MariaDB database optimisation

We are in the process of moving our Specify instance into the cloud, which also involves changing the database from MySQL to MariaDB.

The performance of the database seems fine with both Specify 6 and 7 clients (but then I am the only user so far), but with the IPT it is quite a lot slower. Producing a Darwin Core Archive for our main collection now takes well over two hours, while it used to take about 35 minutes (pretty involved query). While this, by itself, is not terrible, as it is not like I am sitting there waiting for it, I think some optimisation of the MariaDB server might be warranted.

As I have never had to optimise a MySQL server before, it would be good to get some suggestions for improvements I can make in the configuration. In fact, having a config. file with the Docker Compositions that is optimised for most situations, with suggestions for improvements that can be made for certain situations, would be a very good thing, I think. One of the things that I will definitely is the maximum allowed number of connections. It would be very nice if I could do these things in Docker, so I do not have to remind myself to do it inside the container every time a container is re-created.

Hi Niels,

Sorry I did not see this message sooner.
Are you aware that you can use S6 to connect to your database and then use the “Backup” feature to create a SQL Dump file that you can then use to seed an S6 Maria DB docker container using the docker-compose project?

How to create a SQL Dump with S6:
https://discourse.specifysoftware.org/t/send-a-backup-to-specify-pc/767

How to seed a Maria DB using the docker-compose project
https://github.com/specify/docker-compositions/tree/production/all-in-one

I am not sure what “optimization” is needed that you are referring to, so perhaps you are trying to do something completely different than the process above which easily allows you to migrate a MySQL DB to MariaDB.

  • Matthew

Thanks Matthew, we cannot rely on manual backups, so I do my backups from the command line and that happens every night without me lifting a finger, so I do not know if that takes any longer than before.

The particular problem I was referring to is getting the data out through the IPT (just like I cannot use the backup facility in Specify 6, I can also not use the DwCA creator in Specify 7). The time that takes is 30-35 minutes in our production system that uses MySQL to 2.5 hours in my development system that uses the Docker compositions and MariaDB. I have since found out that external scripts using the Python MySQL implementation are extremely sluggish now and mostly time out. This, for me, is a bigger problem than the IPT being slow, as I come in through the back door a lot (much more than through the Specify clients).

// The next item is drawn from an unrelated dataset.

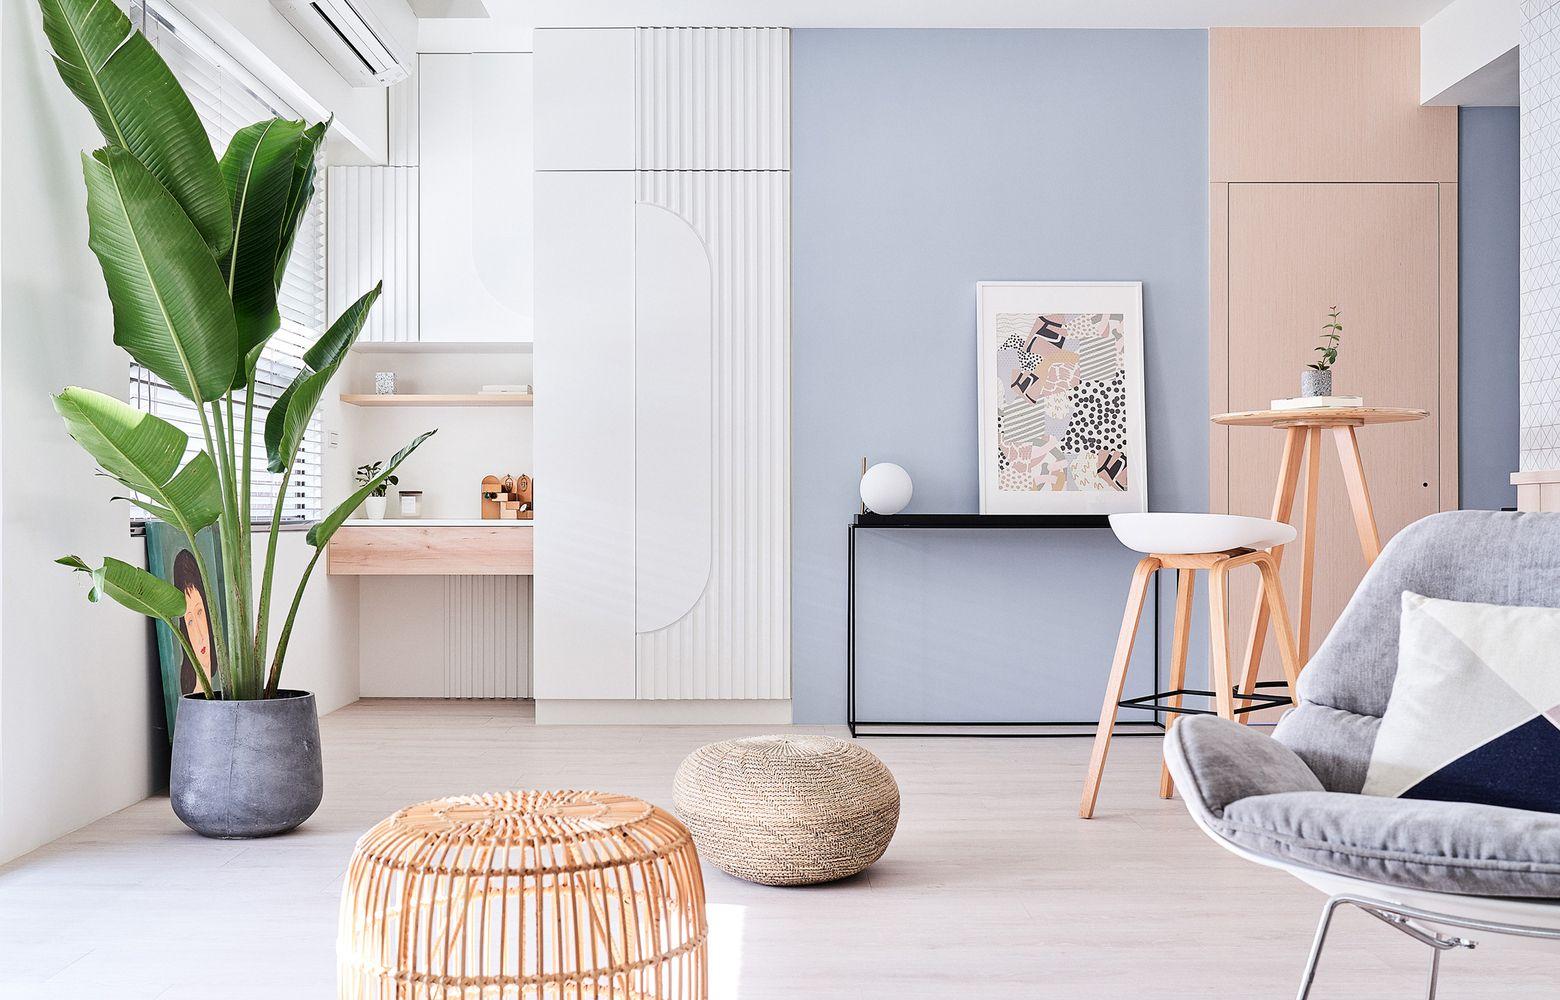 Cách chọn màu sơn nhà đẹp phù hợp với gia chủ mệnh Thủy trong năm 2021

As I said, the Specify clients seem to be fine, so I think it might not necessarily be MariaDB, but probably more the JDBC or the particular Python+MySQL implementation that do not work as well with MariaDB as with MySQL. I cannot do anything about the JDBC, as that comes with the IPT and I cannot use the native MySQL “bridge” (I am not sure if I am using the right word) as I use Docker, so I do not have MySQL on my computer. Likewise, all implementations specifically for MariaDB require me to have MariaDB, including the server that I would never use, on my computer. The same is actually the case for the native MySQL solution in Python, as when you install it, it needs a config. file from the MySQL server without which it crashes.

Also, while the Specify clients work fine now with me as the only user, I think it will be a different story when the number of users goes up to 40 (that’s how many users we have) from one day to the next. In fact, I know there is going to be problems. When we implementated Specify 6 13 years ago, me and my colleague had been working with Specify for a year no problem, but then she gave a training workshop for ten people (the first batch of users we let in) only four could get in. I had to increase the maximum number of database connections then and I expect I will have to do that this time.

So, custom configuration of the database is necessary no matter what and it does not seem to make much sense to have Docker to orchestrate your setup and then have to go into the database container every time to customise the configuration. But then again, it might be better to noy have the database server in the Docker composition at all?

I am not a system administrator or even a proper developer, just a botanist who can hack a little, and it is these sort of architectural things that I have trouble with – and frankly do not enjoy even having to think about – and need help with.